Friday, March 23, 2012


A Fund raiser for the Wood River Bicycle Coalition
March 31, 2012 Ketchum Town Square

Get your row on and join us for the Ketchum Row Down, a fund raiser for the Wood River Bicycle Coalition!  The “Row Down!” is an indoor rowing fundraiser.  The Wood River Bicycle Coalition, Ketchum Professional Fire fighters and Ketchum Volunteer Fire Fighters are hosting this exciting event.  The five different Row Down events are:

Kids 500 meter fun row: This event is for children 5-13 years old.  This can be a fun family event.

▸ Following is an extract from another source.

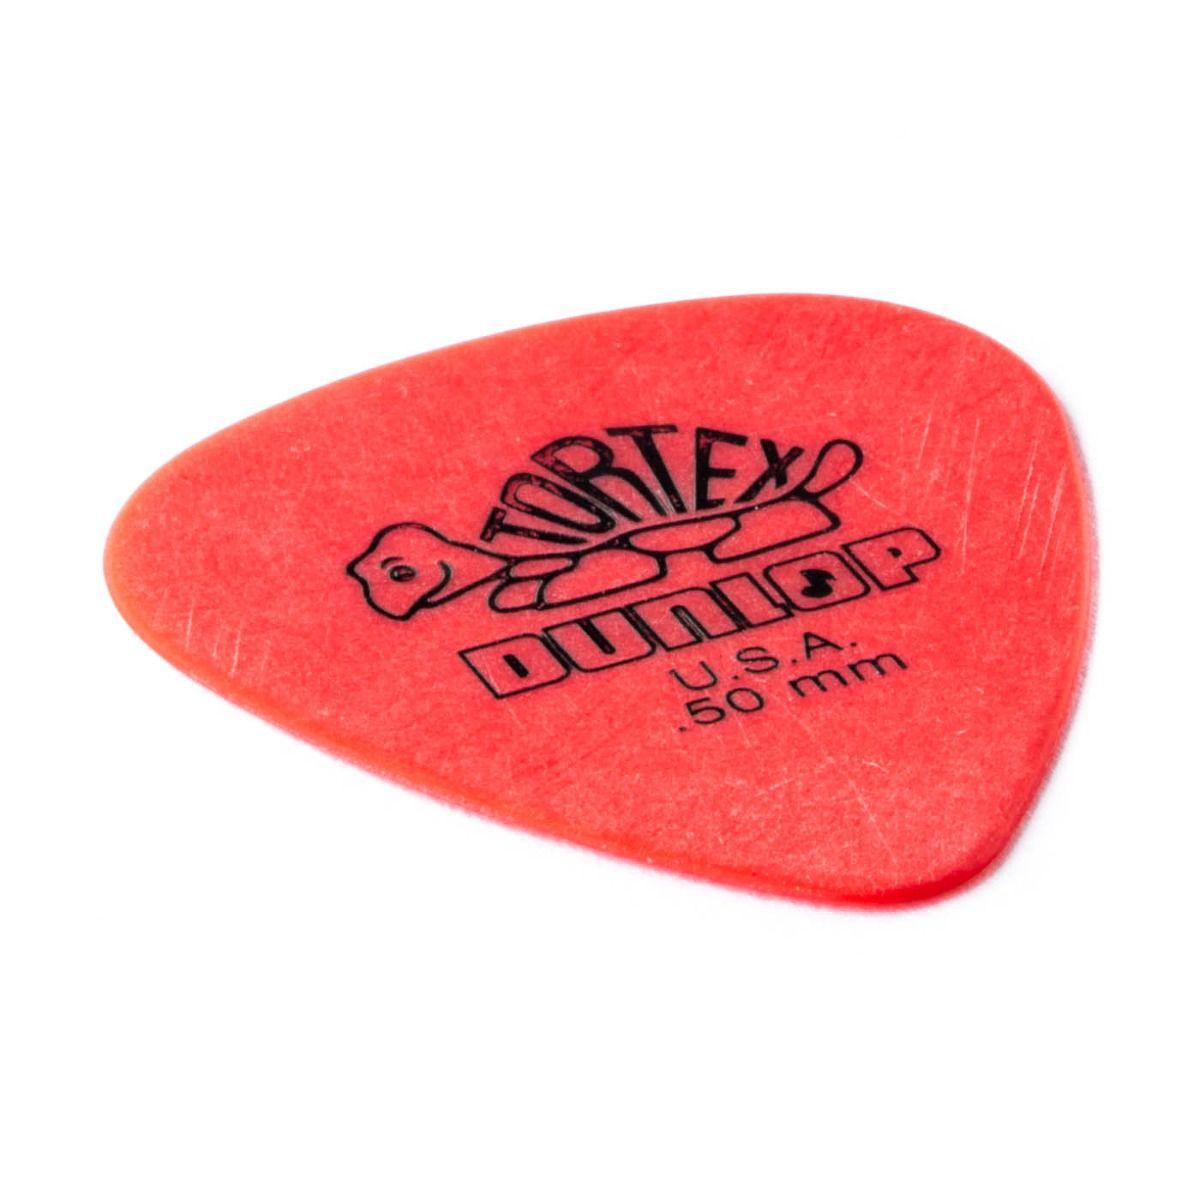 Palheta Dunlop TORTEX 0,50MM - Vermelha
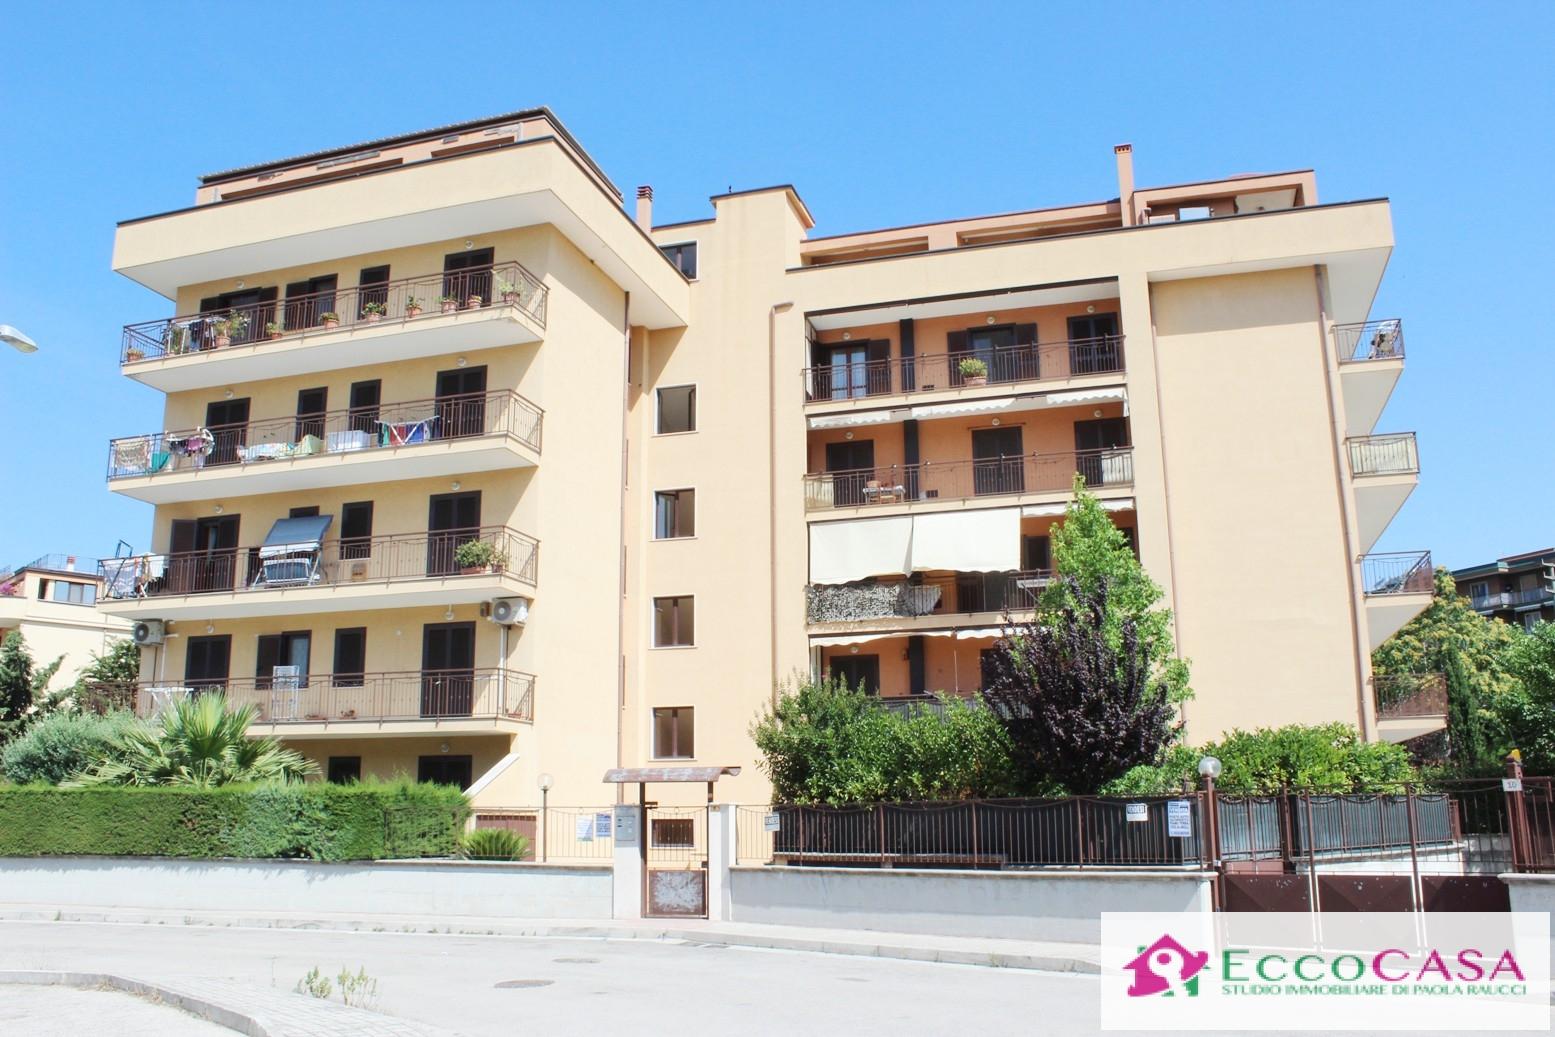 Appartamento in vendita a Maddaloni, 4 locali, prezzo € 175.000 | CambioCasa.it

500 meter row:  This event is fast and furious, a full body drainer that usually leaves participants gasping for breath in under two minutes.

2000 meter row:  Plan and pace your effort.  Going out to fast is a rookie mistake! Many participants will finish in less than 8 minutes.

10,000 meter team row:  Each 4 member team will use one rowing machine to complete 10,000 meters.  Rower transitions, strategy and pacing are critical in maintaining flywheel speed and edging out the competition.

CrossFit WOD: The final event combines the participant’s time in the 2000 meter row and a mystery CrossFit workout.  The lowest combined times determines the Row Down CrossFit champion!